Your instructions = The listing, minus its pictures, is to be given again exactly.

Data block =
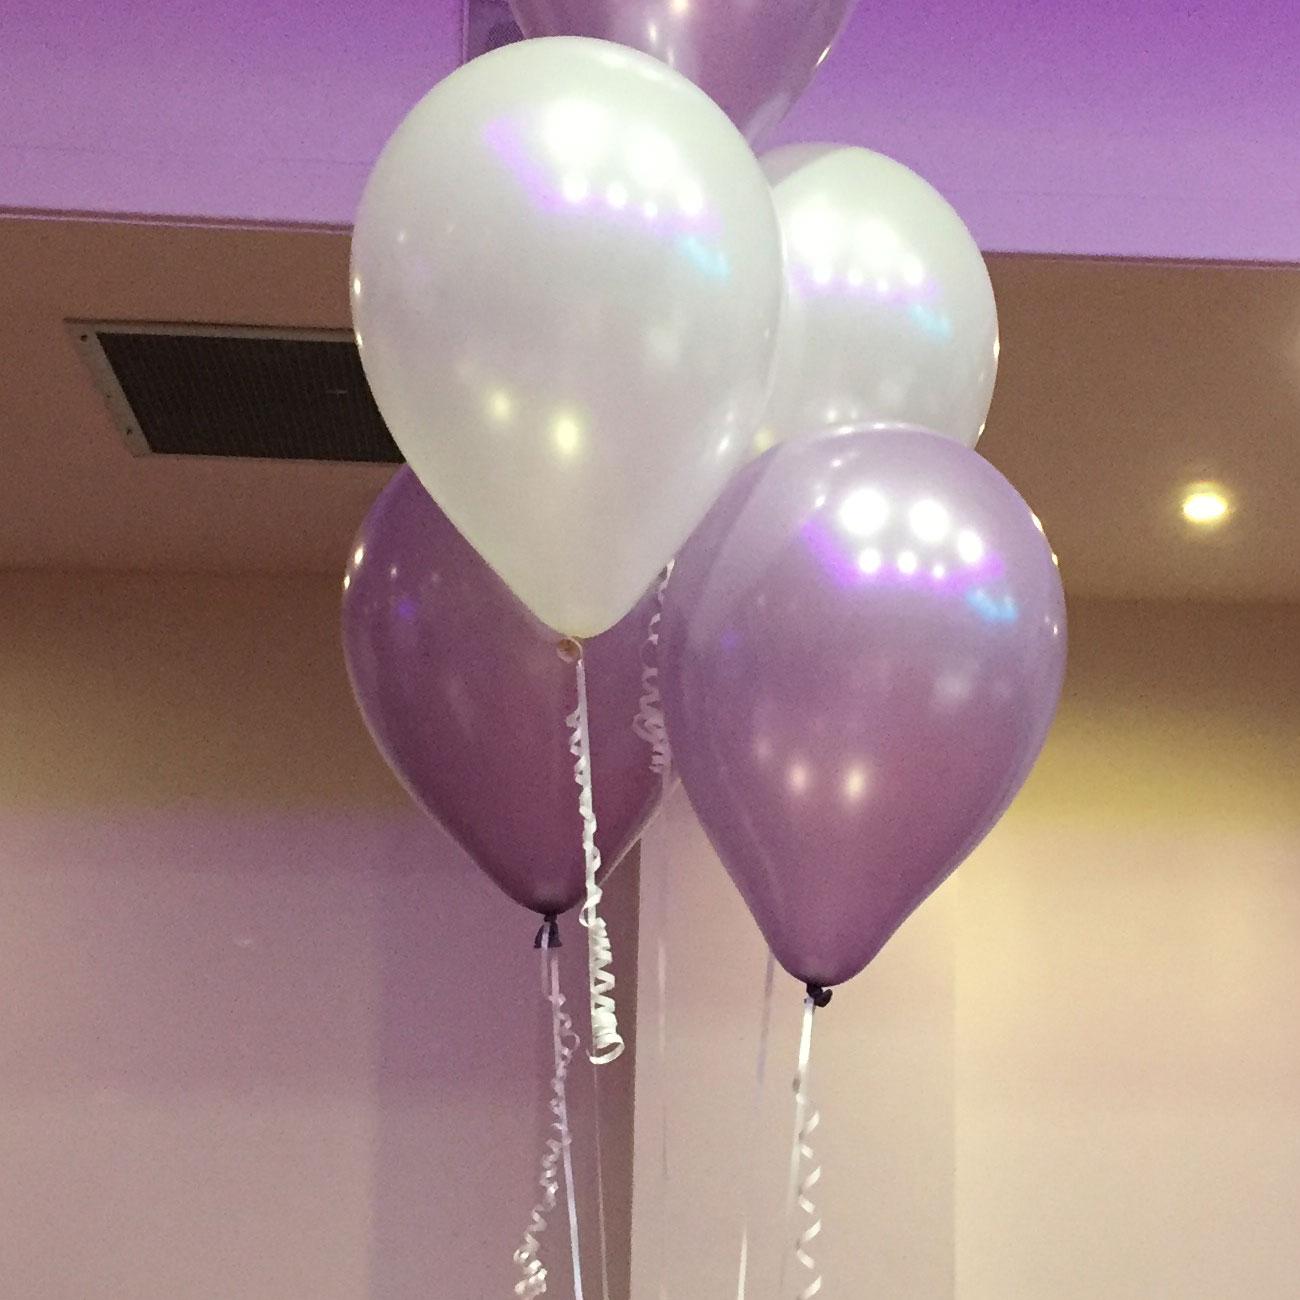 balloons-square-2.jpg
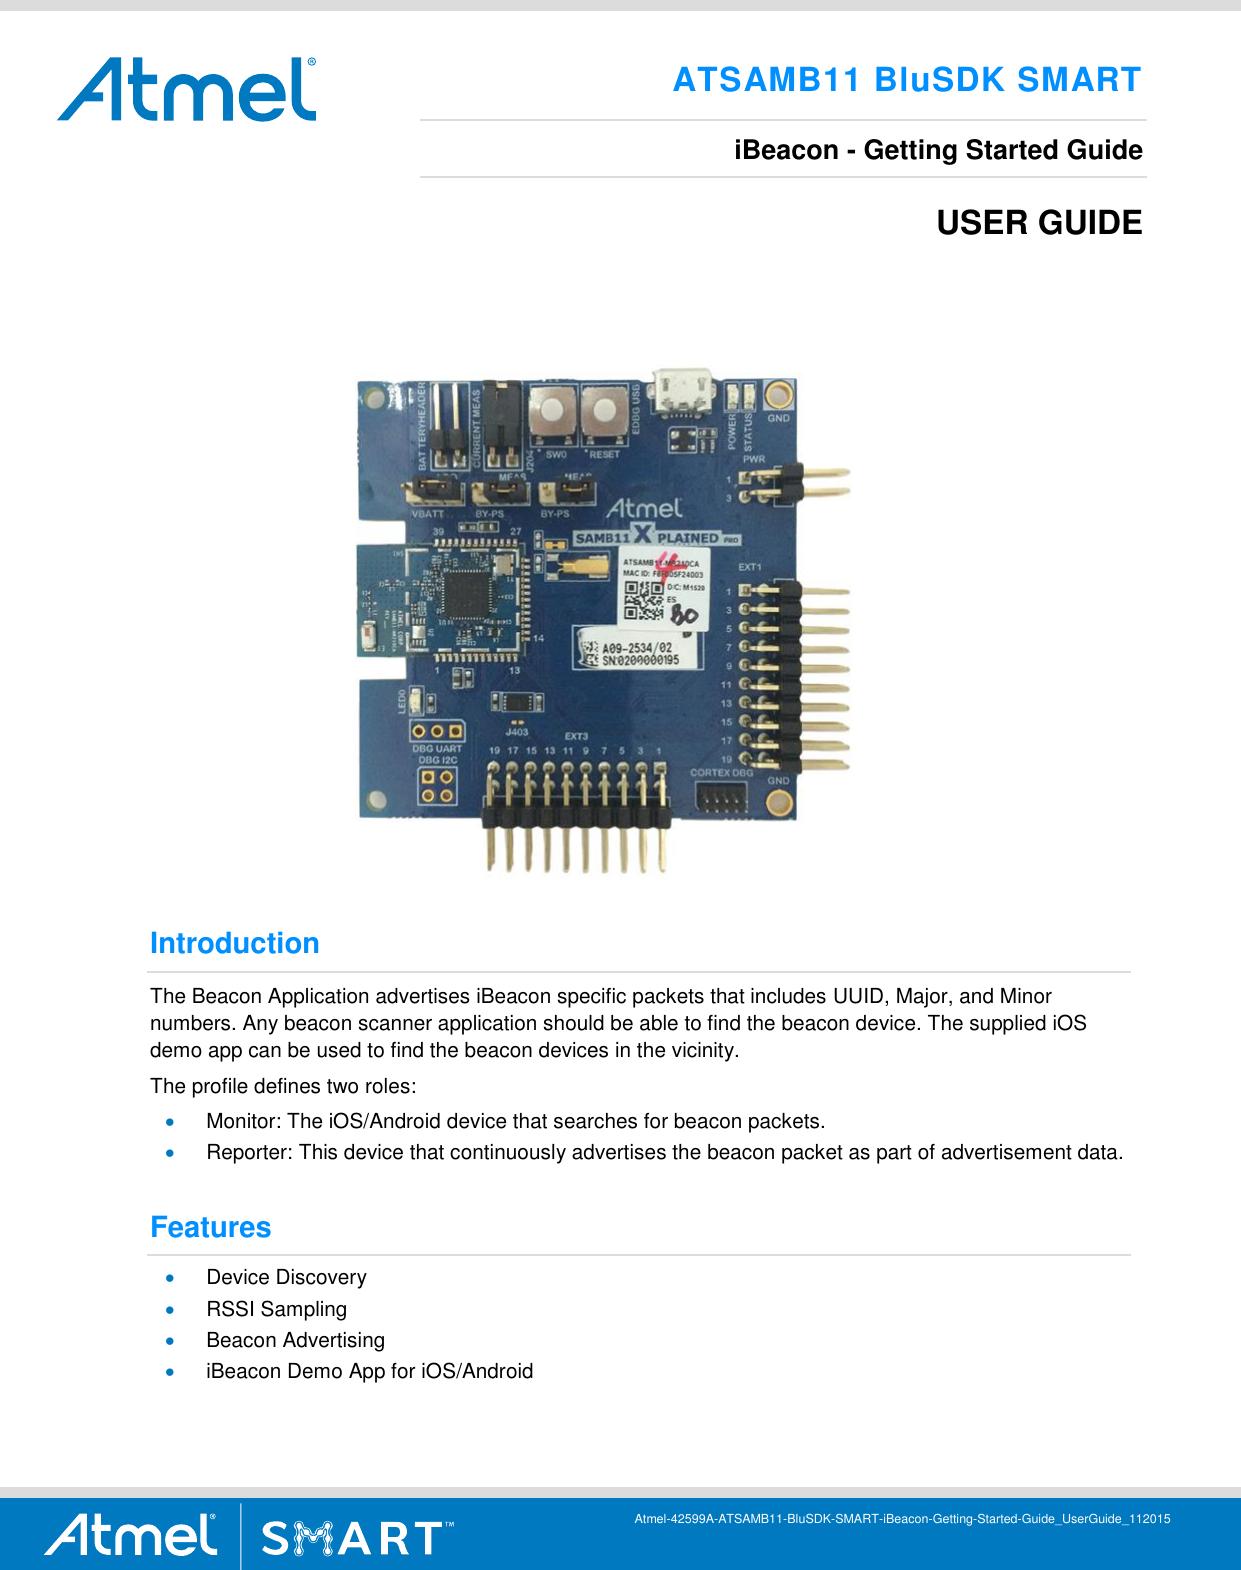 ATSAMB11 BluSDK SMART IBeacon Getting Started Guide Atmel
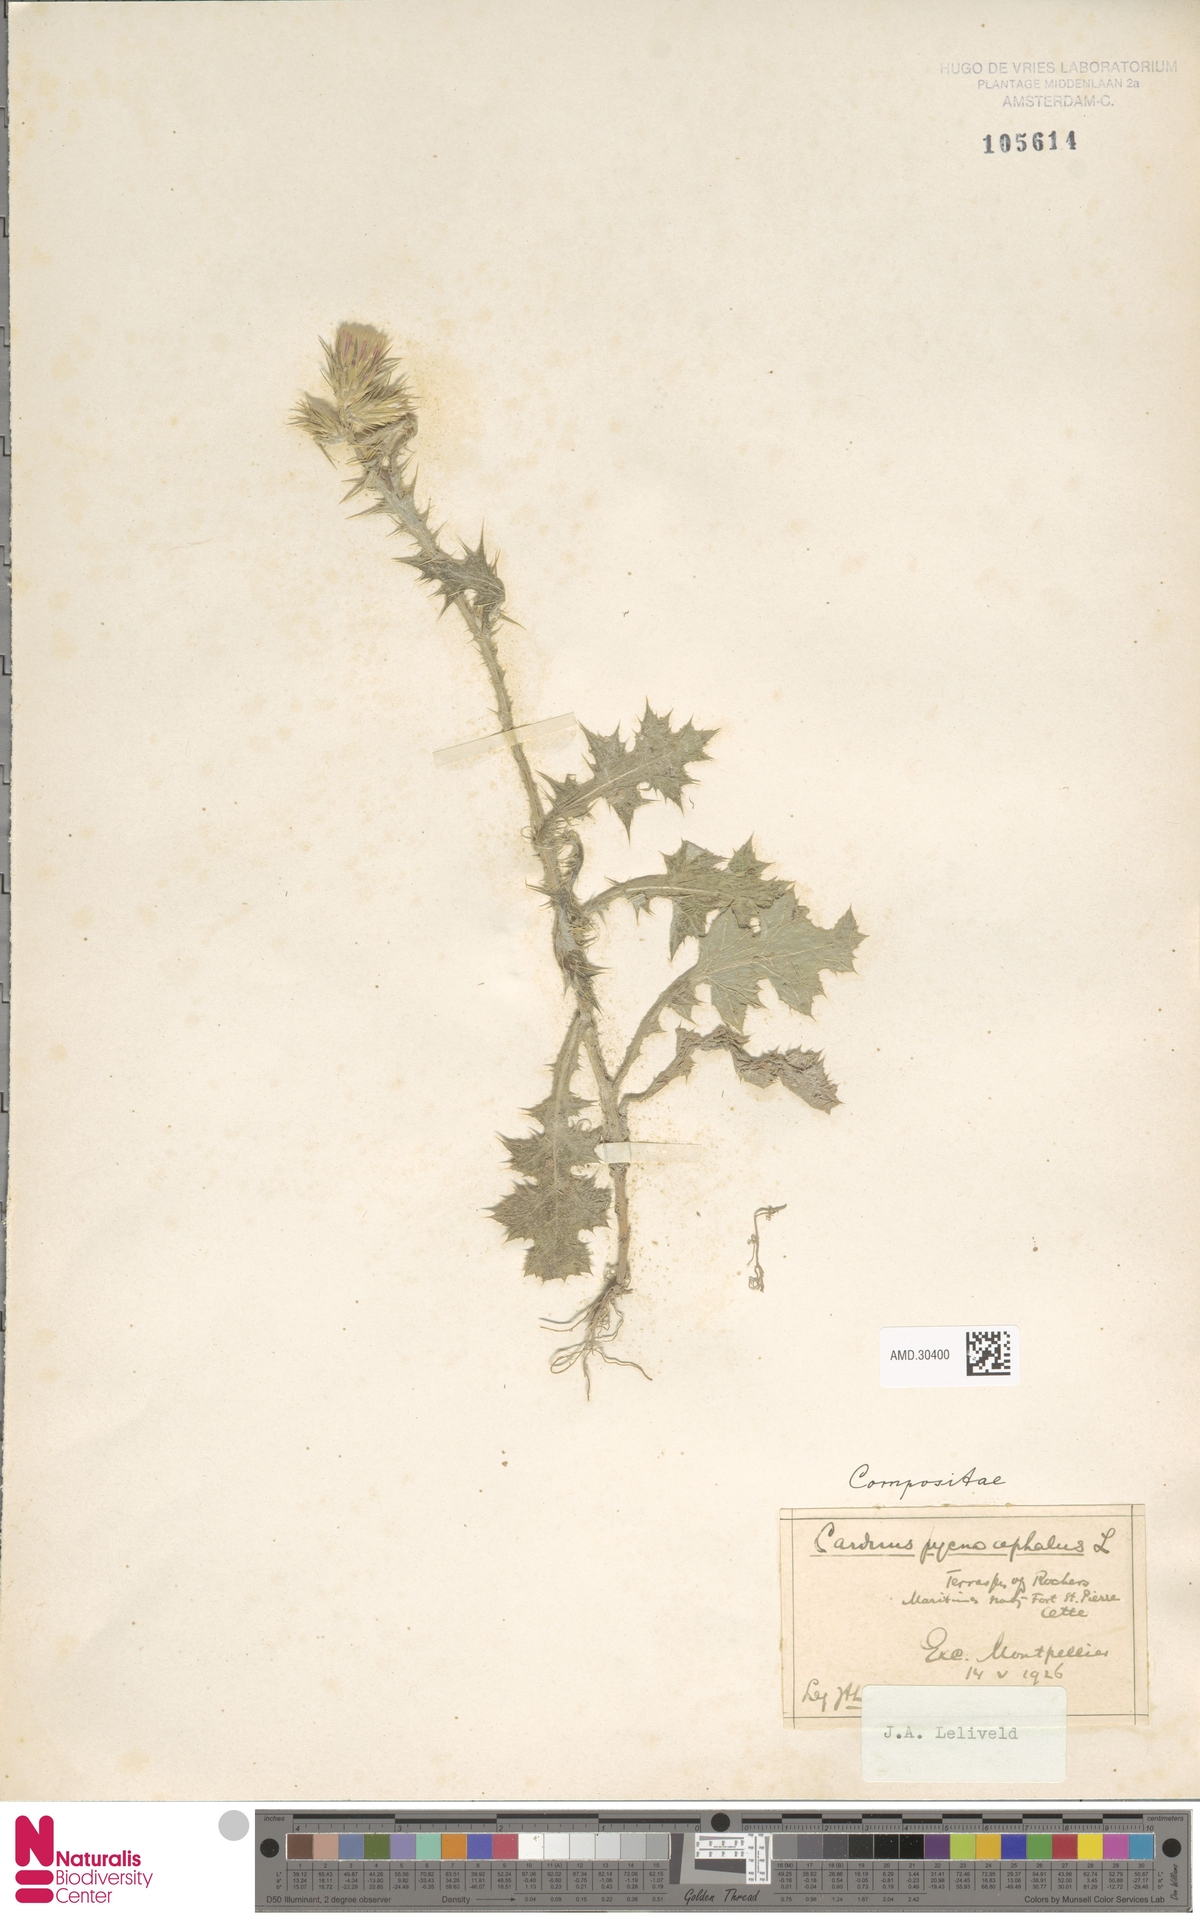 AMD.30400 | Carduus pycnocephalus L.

Written response =
 balloons-square-2.jpg
 ATSAMB11 BluSDK SMART IBeacon Getting Started Guide Atmel
 AMD.30400 | Carduus pycnocephalus L.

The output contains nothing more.